Timeout performing GET (5000ms), next: GET PageInfo_ProjectNaviagtionId_0, inst: 4, qu: 0, qs: 9, aw: False, bw: SpinningDown, rs: ReadAsync, ws: Idle, in: 0, in-pipe: 0, out-pipe: 0, last-in: 471, cur-in: 0, sync-ops: 51041, async-ops: 16015, serverEndpoint: 192.168.100.101:6379, conn-sec: 579.71, aoc: 1, mc: 1/1/0, mgr: 10 of 10 available, clientName: e745dc31d241(SE.Redis-v2.6.104.40210), IOCP: (Busy=0,Free=1000,Min=1000,Max=1000), WORKER: (Busy=21,Free=32746,Min=1000,Max=32767), POOL: (Threads=28,QueuedItems=0,CompletedItems=116031), v: 2.6.104.40210 (Please take a look at this article for some common client-side issues that can cause timeouts: https://stackexchange.github.io/StackExchange.Redis/Timeouts)

I'm confusing because number of busy threads are still under Min/Max threads.
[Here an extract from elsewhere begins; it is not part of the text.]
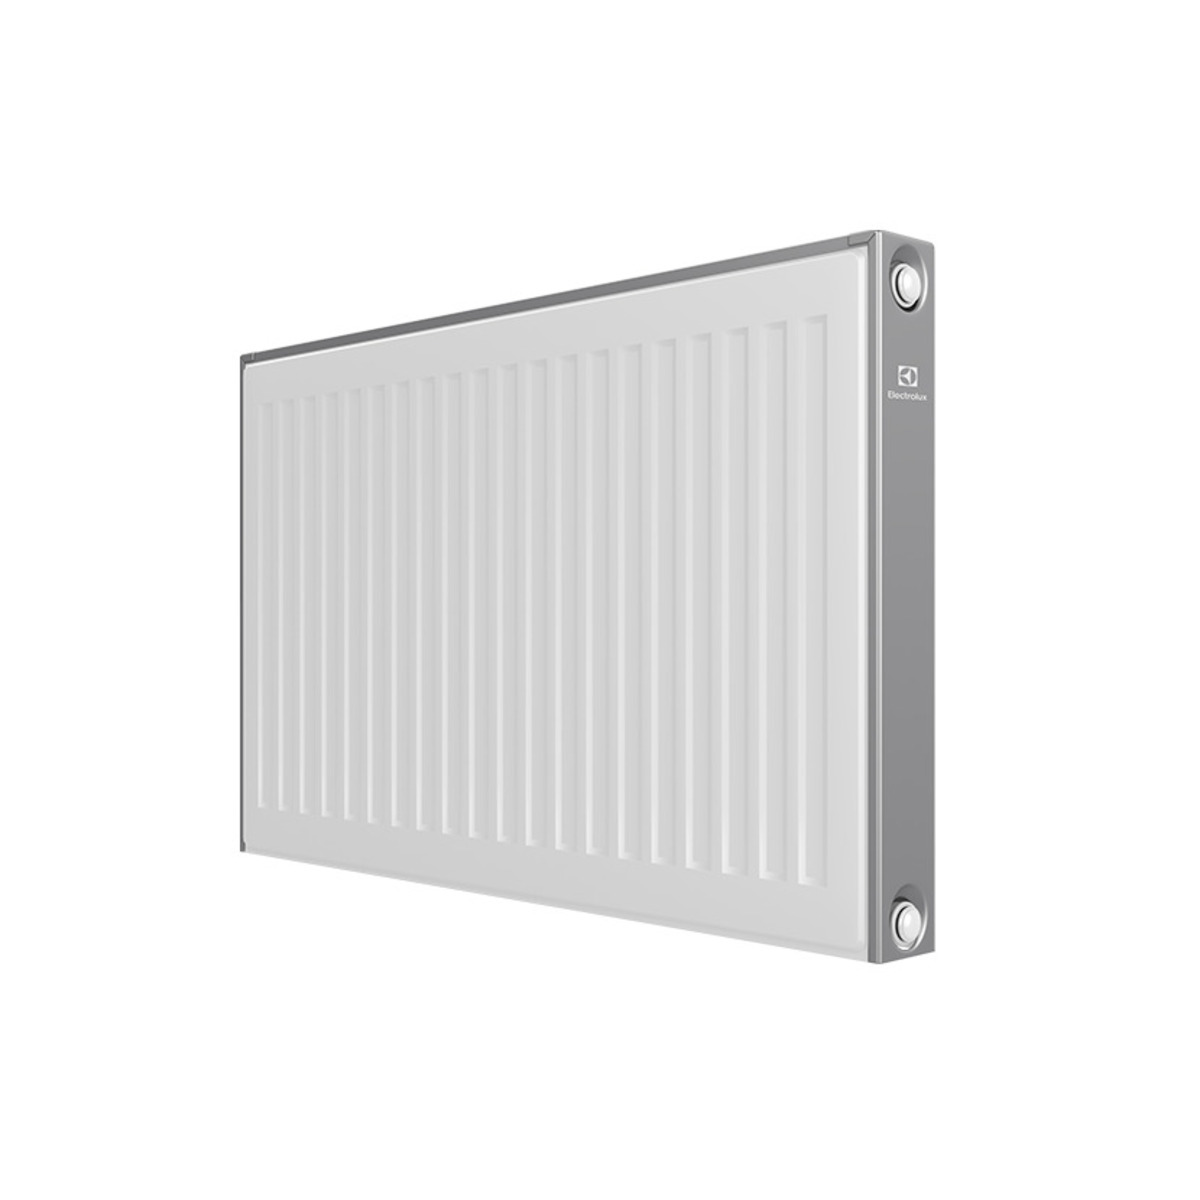 Радиатор Electrolux Compact C22-500-800 RAL9016 (Цвет: White)

Looks like the sync-ops are quite high because we are favoring synchronous calls to get/set redis cache (StringGet, StringSet) instead of async call. So I'm not really sure what the problem is and what could I do?

KendoSai avatar Apr 20 '23 17:04 KendoSai

What is the size of the payload you are reading from Redis in this case? Large payloads are pipe blockers which may be what you're seeing here, but also sync operations, combined both are bad but you shouldn't be stalled on immediate thread pool growth given you min config I agree.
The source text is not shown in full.